The tax credit is available for a new bank of 80 hours of EPSL paid sick leave for full-time employees beginning April 1, 2021.  For part-time employees, the employer may use the work hours averaged over two weeks. The credit is up $200 per day for individuals caring for an individual to quarantine or due to school closures and daycare provider closures and up to $511 for all other reasons.

Paid Family Leave

The applicable tax credit for each calendar quarter is 100% of the qualified paid family leave wages paid by the employer for each quarter. The qualifying circumstances under the EFML have been expanded to include the reasons provided for leave under the EPSL and in addition:

  • An employee seeking or awaiting the results of a diagnostic test for, or a medical diagnosis of, COVID–19, and such employee has been exposed to COVID–19, or the employee’s employer has requested such test or diagnosis, or
  • The employee is obtaining immunization related to COVID–19 or recovering from any injury, disability, illness, or condition related to such immunization.

The credit will not exceed $200, and in the aggregate, with respect to all calendar quarters, combined paid family leave and paid sick leave benefits are limited to $12,000.

Nondiscrimination

No credit will be allowed to any employer for any calendar quarter if such employer, with respect to the availability of the provision of qualified sick leave wages for such calendar quarter, discriminates in favor of highly compensated employees (within the meaning of section 414(q)), full-time employees, or employees on the basis of employment tenure with such employer.

Summary

Employers that intend to voluntarily provide paid leave under the EPSL and the EFML and claim the tax credit under this part of the ARPA should review the prior requirements of the Emergency Paid Sick Leave Act and Emergency Paid Family Leave Act to determine whether to implement these available paid sick leaves.

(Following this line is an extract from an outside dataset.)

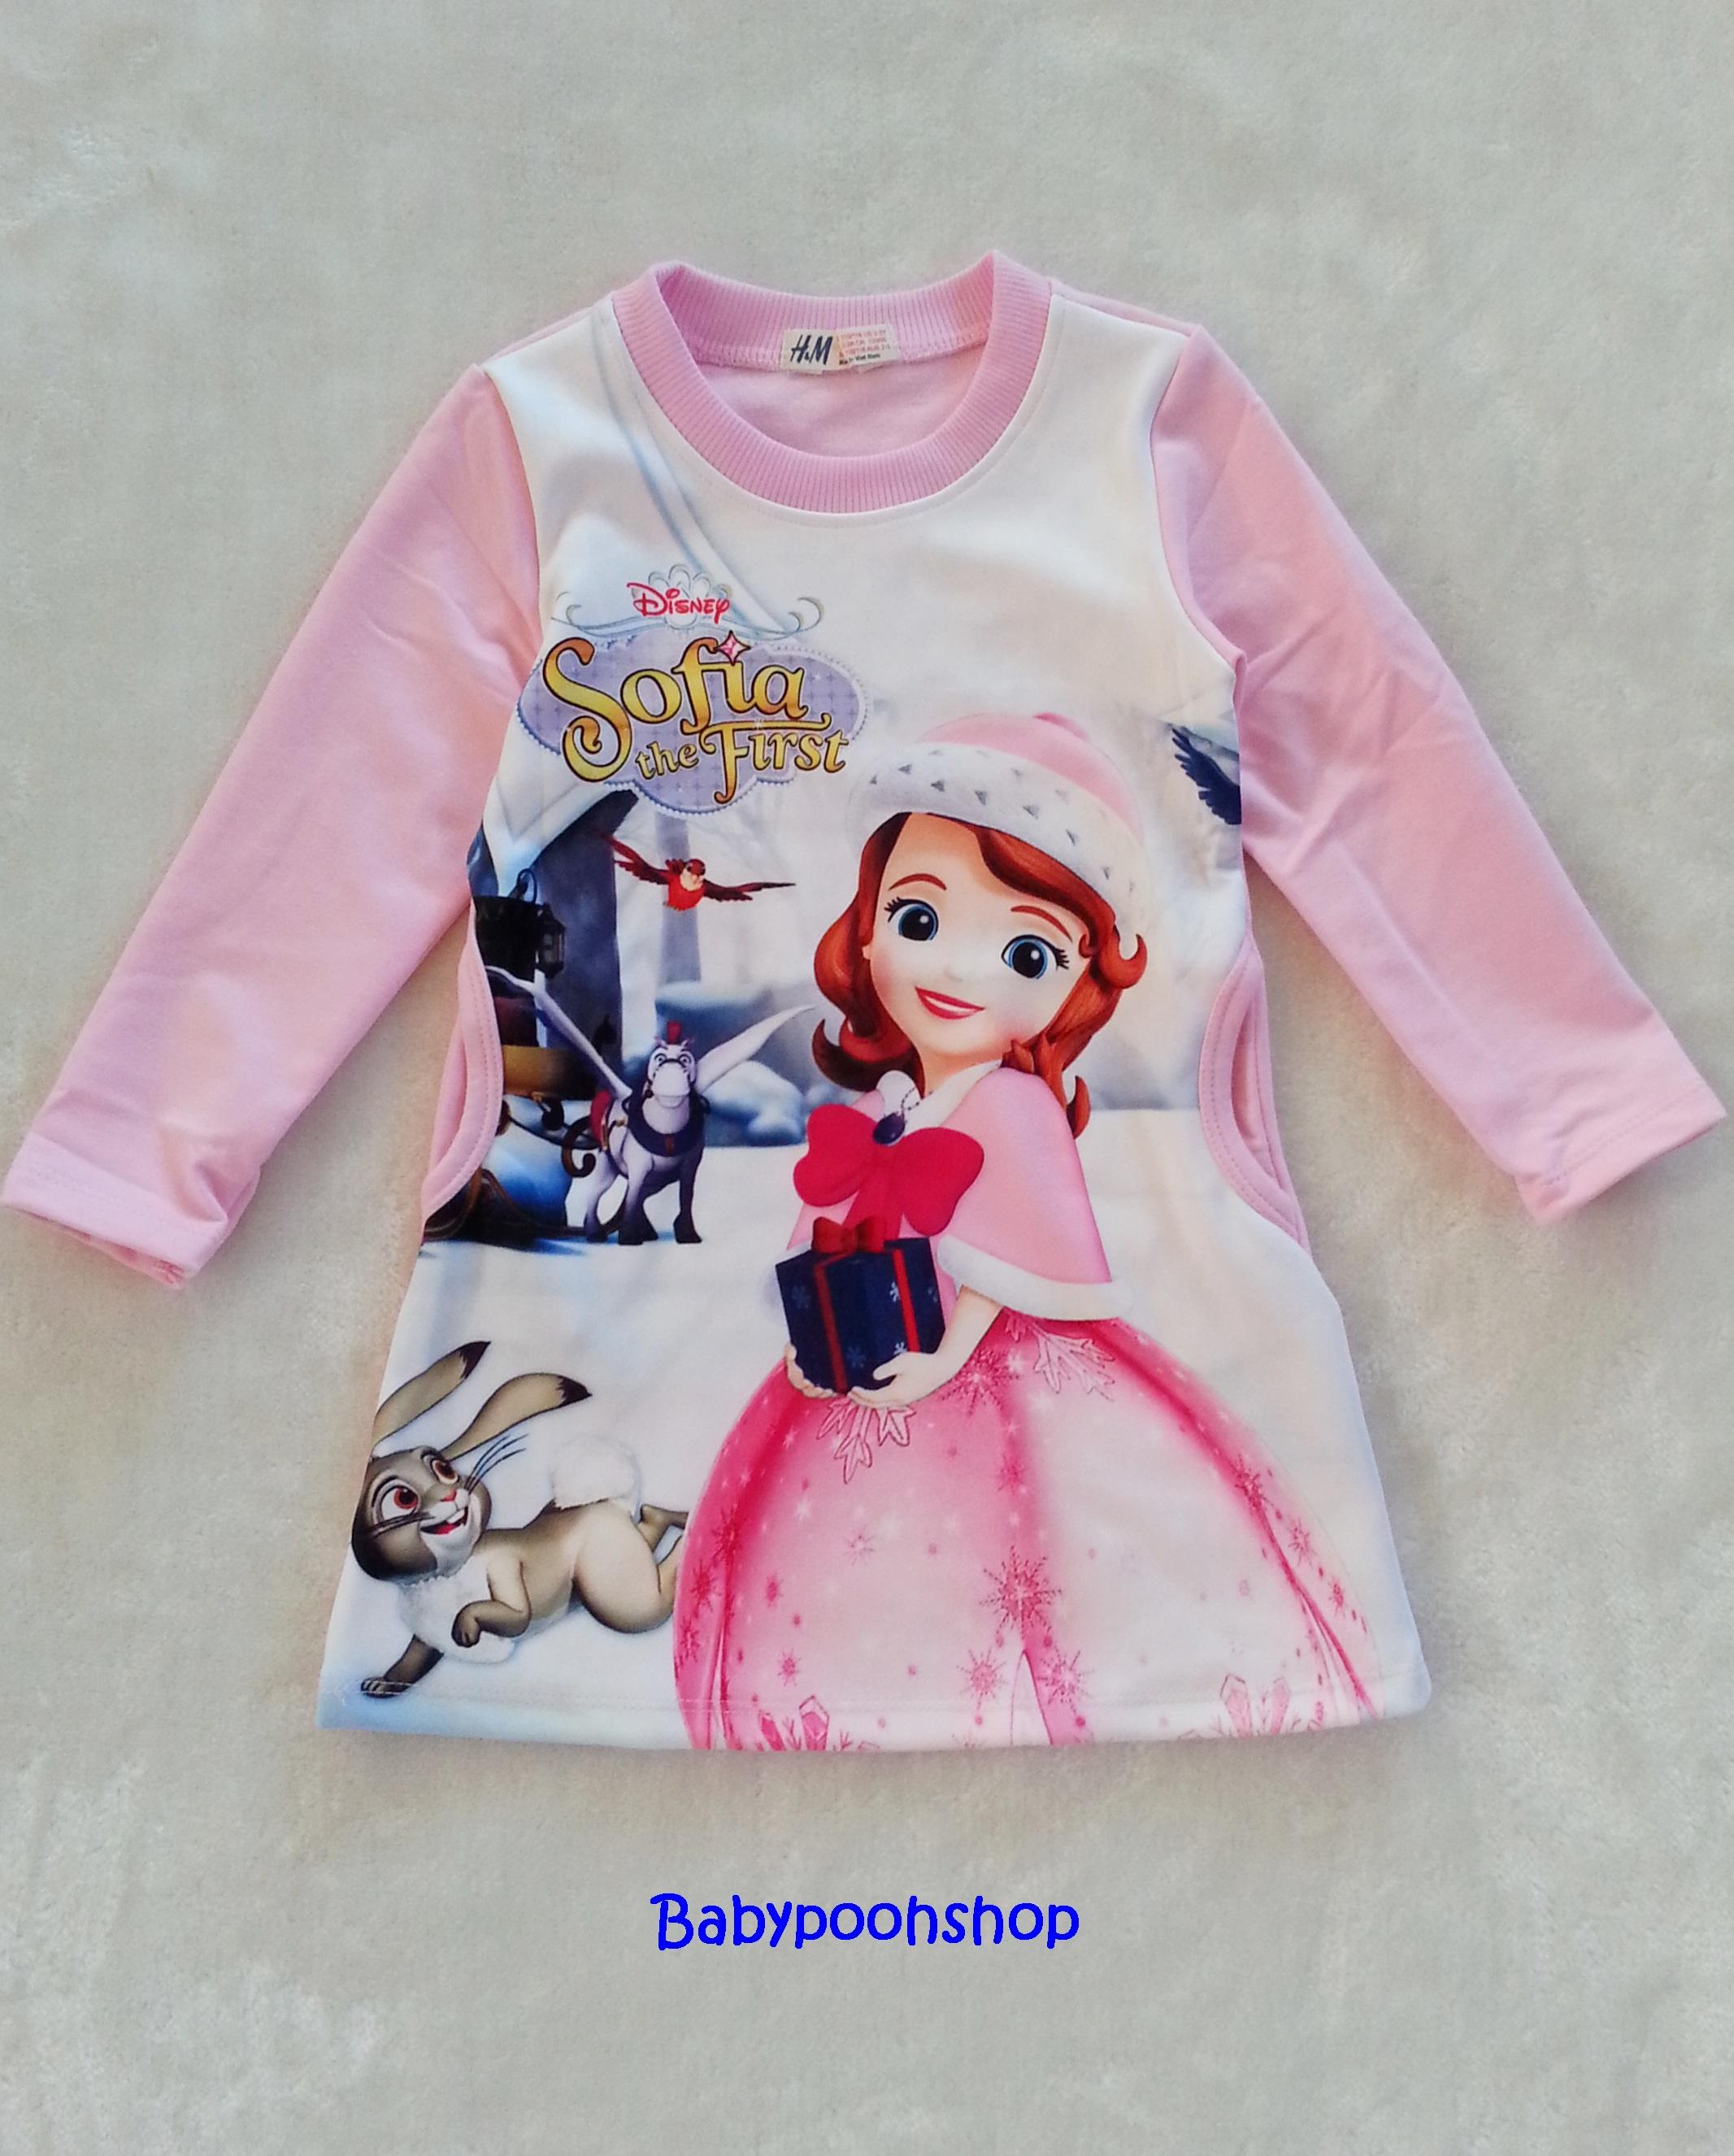 H&M : เดรสแขนยาว พิมพ์ลาย เจ้าหญิงโซเฟีย สีชมพูอ่อน มีกระเป๋า2ข้าง เนื้อผ้าหนา ใส่อุ่นๆค่ะ size 1-2y

However, there are still lingering questions regarding the mechanics of new voluntary paid leave under the ARPA.  For example, it is not clear whether an affected employer can voluntarily elect to provide just the EPSL portion without implementing the EFML requirements. Further guidance from the Department of Labor and Treasury is expected. The Hays Companies Research and Compliance Team will continue to monitor these developments.

Employers contemplating implanting these voluntary provisions should discuss this with their employment law counsel.

The Hays Companies Research and Compliance Team will continue to monitor these developments.


This document is provided for general information purposes only and should not be considered legal or tax advice or legal or tax opinion on any specific facts or circumstances. Readers are urged to consult their legal counsel and tax advisor concerning any legal or tax questions that may arise.